12/05/2015 – FRANCE (NOVOpress avec le bulletin de réinformation)

La commission européenne présente ce mercredi un plan d’action pour contrer et intégrer au mieux l’immigration massive en Europe. Parmi ces propositions, on retrouve celle de la répartition des clandestins dans les 28 pays de l’Union européenne. La clef de répartition serait en fonction du PIB de chaque pays, de leur population, de leur taux de chômage et du nombre de réfugiés déjà installés. Le but étant de soulager la pression subie par les pays du sud de l’Europe avec 300 000 clandestins accueillis par exemple en 2014. 80 000 réfugiés sont par exemple en attente dans le sud de l’Italie.

Mais d’autres propositions sont aussi envisagées ?
Oui. Dimanche dernier 4 ministres européens de la Défense ont examiné des solutions pour renforcer la lutte contre les passeurs de migrants. Jean-Yves Le Drian en a fait partie et indique que cela doit passer par la localisation des bateaux des passeurs pour pouvoir ensuite les détruire. Mais cette proposition doit passer devant l’ONU pour validation.
Enfin, la commission européenne pense à transformer l’immigration illégale en… légale. C’est à dire de faciliter l’immigration économique qui consiste à donner des papiers à un clandestin qui justifie d’une inégalité de condition de vie entre son pays d’accueil et le sien.

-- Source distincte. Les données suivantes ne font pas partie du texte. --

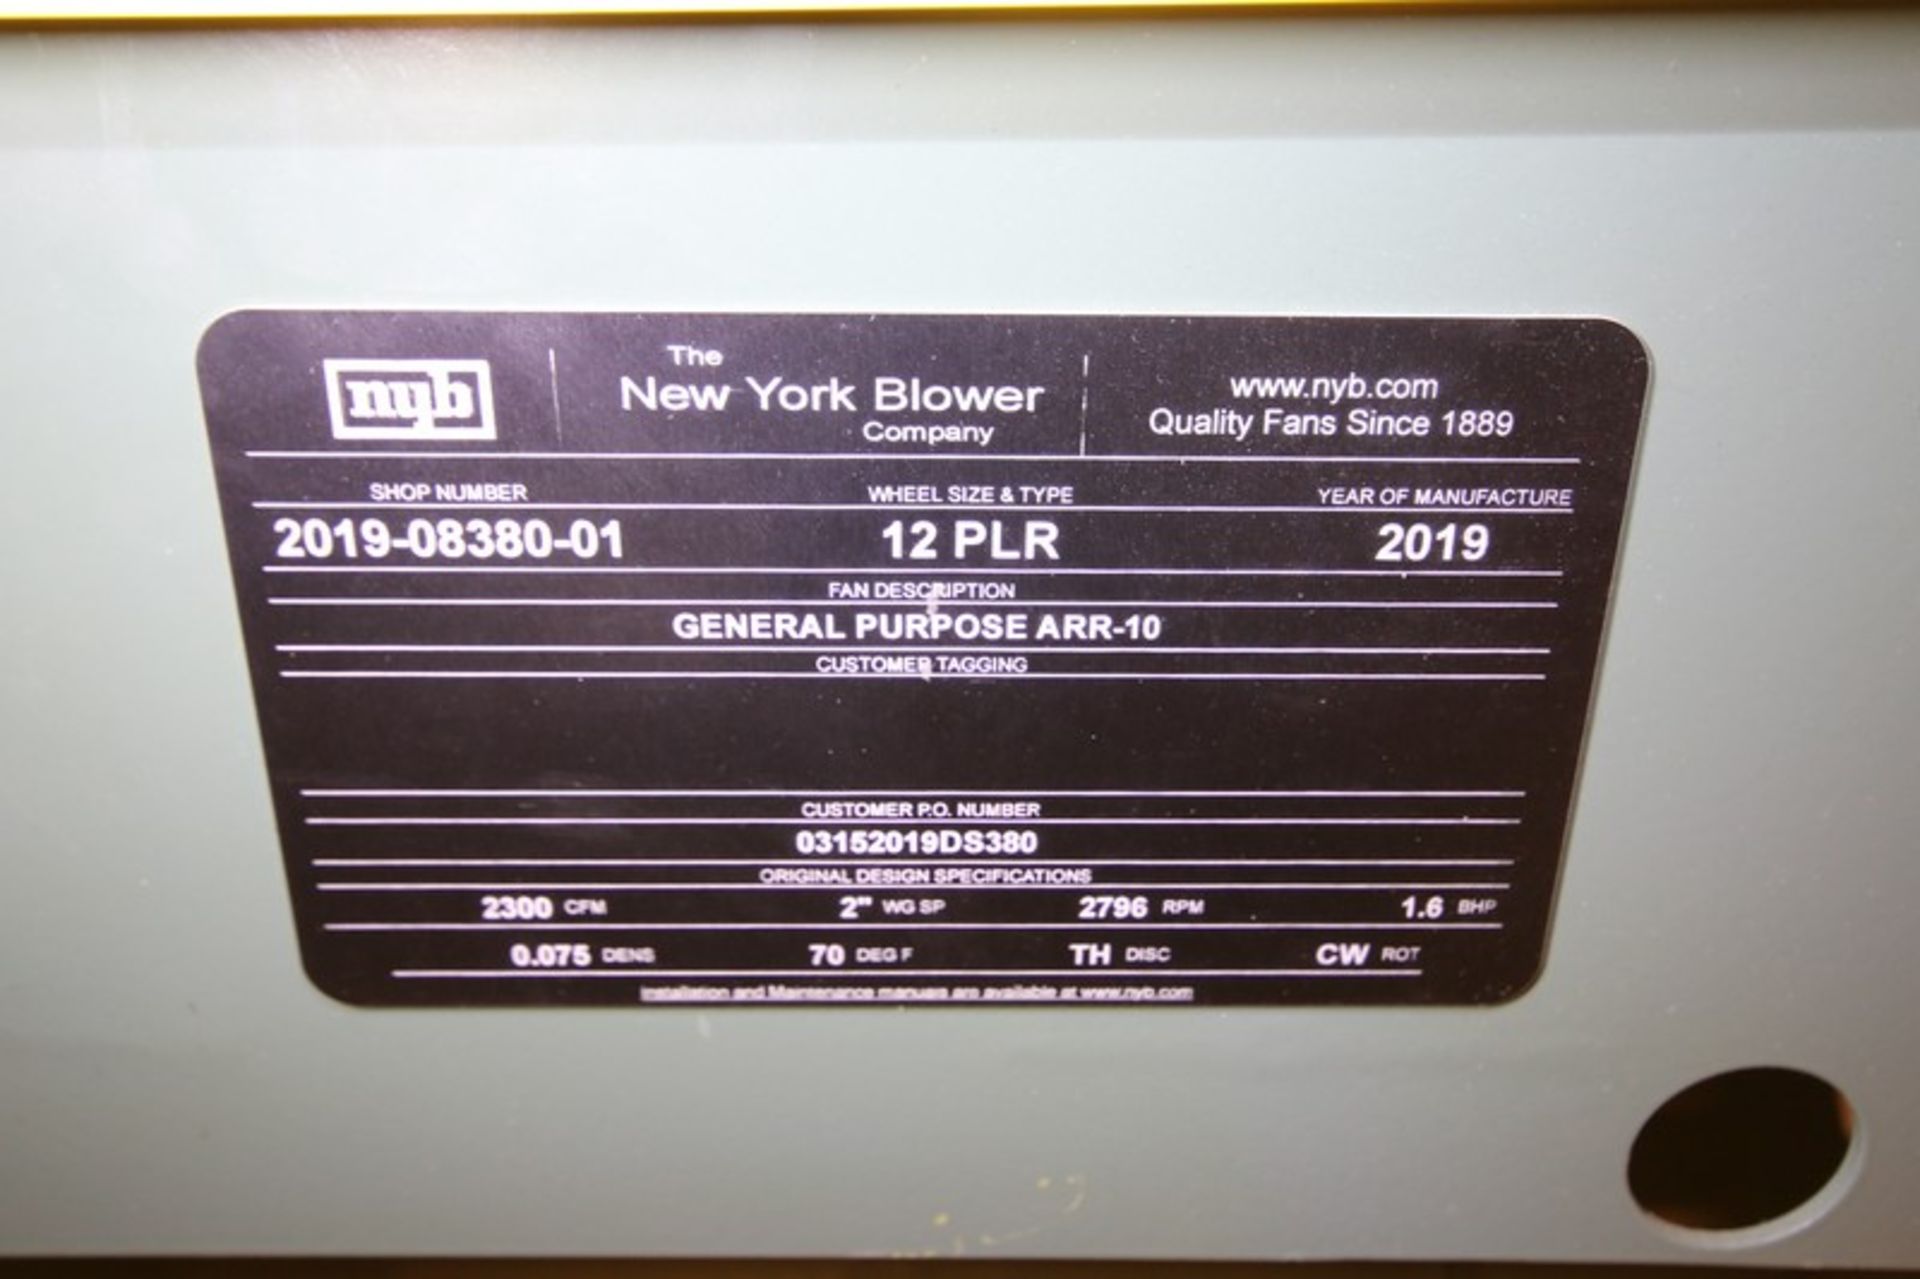 New NYB Blower, Type 12 PLR, Shop #2019-08380-01, Connection Size - 9" W x 14" H, 2300 cfm (INV# - Image 5 of 5

Qu’en pensent les pays européens ?
Pour cette dernière proposition sur l’immigration économique, le PPE (Parti Populaire Européen) a évidemment rejeté cette approche qui ne va faire que « renforcer ce problème ». La solution militaire a été adoptée par les gouvernements européens le 24 avril dernier qui attendent maintenant l’aval de l’ONU.
Pour l’histoire des quotas, Bernard Cazeneuve s’est dit hier favorable à cette répartition. La France avec l’Allemagne, la Suède, les Pays Bas, l’Italie et le Royaume Uni sont en effet bons élèves avec 80 % de clandestins accueillis. Quant au Premier ministre hongrois Viktor Orban, il a dénoncé cette proposition comme une « idée folle ».